Tuesday, September 15, 2015

Twenty Boy Summer by Sarah Ockler- ALA Banned and Challenged Book

A year after the death of best friend, and possibly new lover, Matt, Anna ventures to Zanzibar with Frankie and her parents for their annual family holiday. The ghost of Matt follows them everywhere: the upstairs room where Matt used to sleep for the annual pilgrimage, sea glass that hides in sand, mementos hidden in closets.

It is the summer of healing, the summer of friendship, and the summer of 20 boys to lose oneself in.

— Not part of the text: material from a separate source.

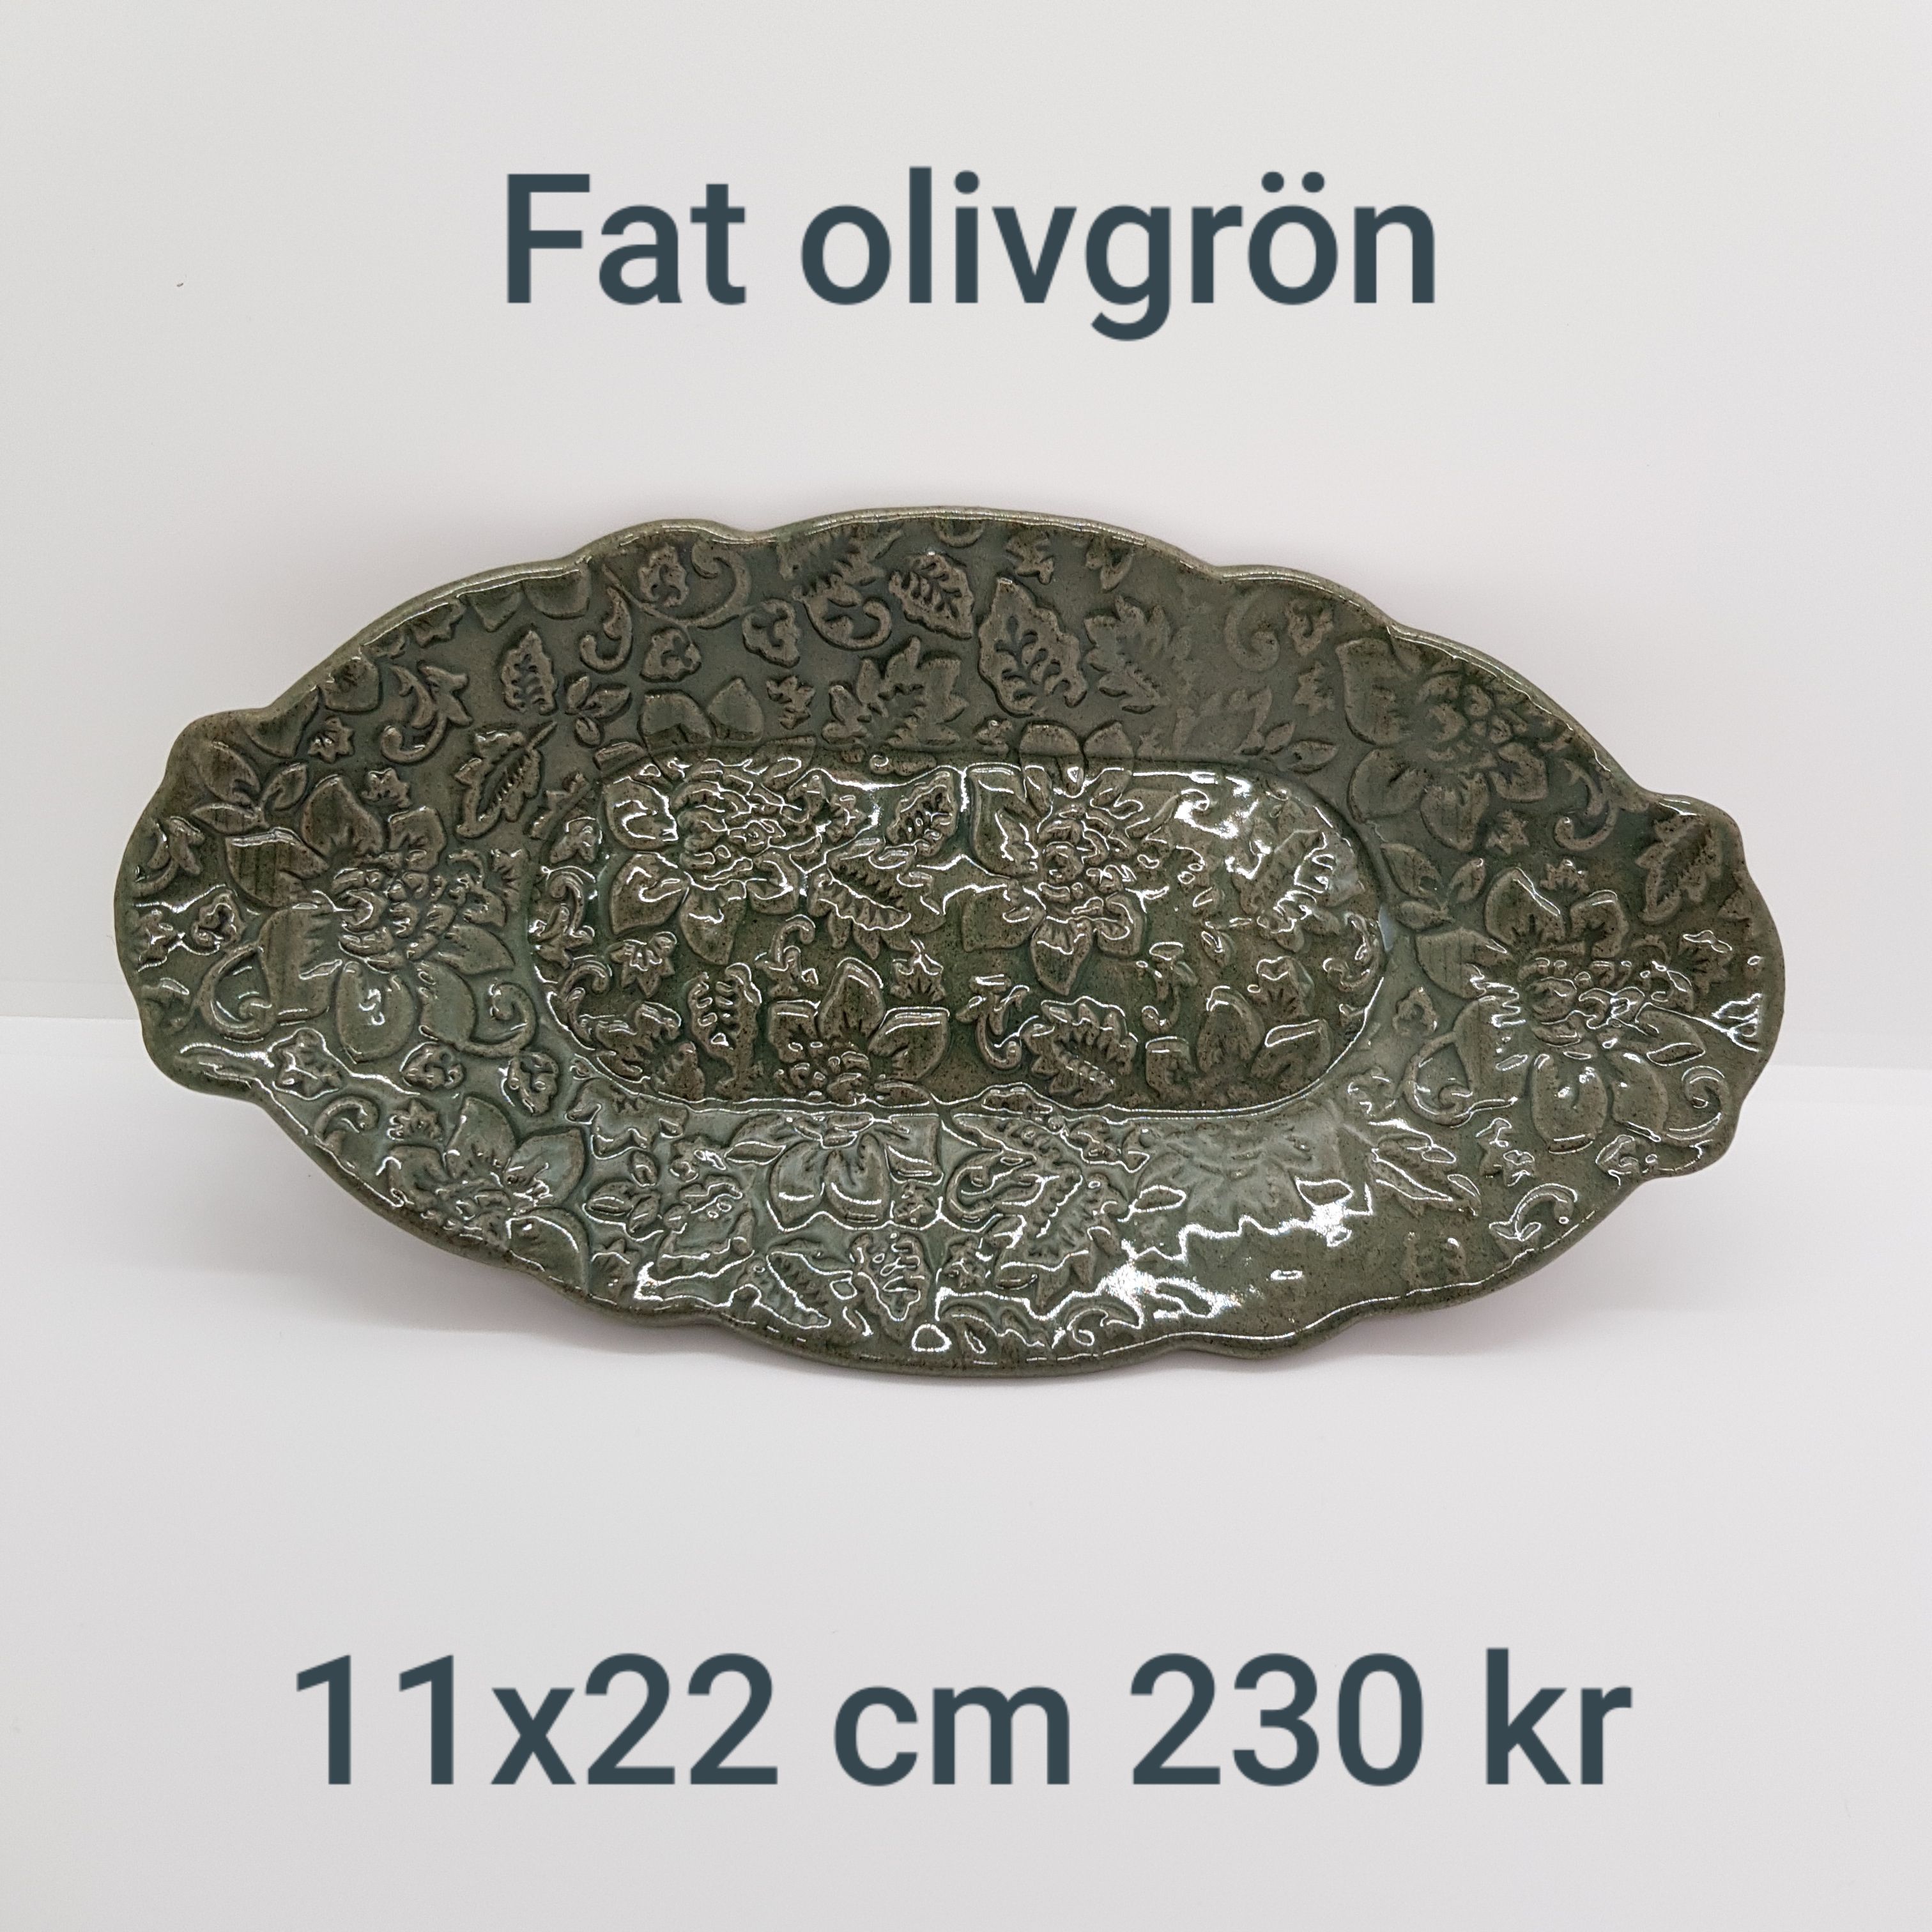 a fat olivgrön

At least, that is how I would have liked to have felt about this book. Twenty Boy Summer feels and reads like a first book that wasn't quite finished with the editing process. I can see where Sarah Ockler wanted to share a long-time friendship between siblings Matt and Frankie with their neighbour Anna. Anna and Matt just started feeling out what they mean to one another, keeping it form Frankie, hoping to break their possible coupling as painless as possible. The week before Matt is to approach his sister, he dies, leaving Anna to feel she needs to hold onto him and his secret, keeping Frankie in the dark to help her cope with the loss of her brother.

A year goes by, Frankie glams up, makes out with random boys at parties, and forces her best friend into the ultimatum that she WILL lose her virginity (also called Anna's Albatross.) At times, I feel that Anna is a well-rounded teenager pining over a romance she feels she missed out on. Other times, I feel she is just a dumb kid that can't say "no" to a friend that uses and belittles her.

Frankie is another story. She lies, cheats, steals, and belittles. I couldn't believe her character, her hurt or the way her family unit worked.

I felt this book was a bore. I also felt that the characters were flat and untrustworthy. I didn't know how one or the other were, neither were solid. The secondary character, Sam, was the only character I felt was an actual teenager that I could run into on the street.

I think Ockler missed out on trying to show how two best friends get over the grief of losing a loved one.

I would recommend to a low-level reluctant reader. 

Challenged in Missouri because the book is "soft-pornography" and "glorifies drinking, cursing, and premarital sex" in 2010.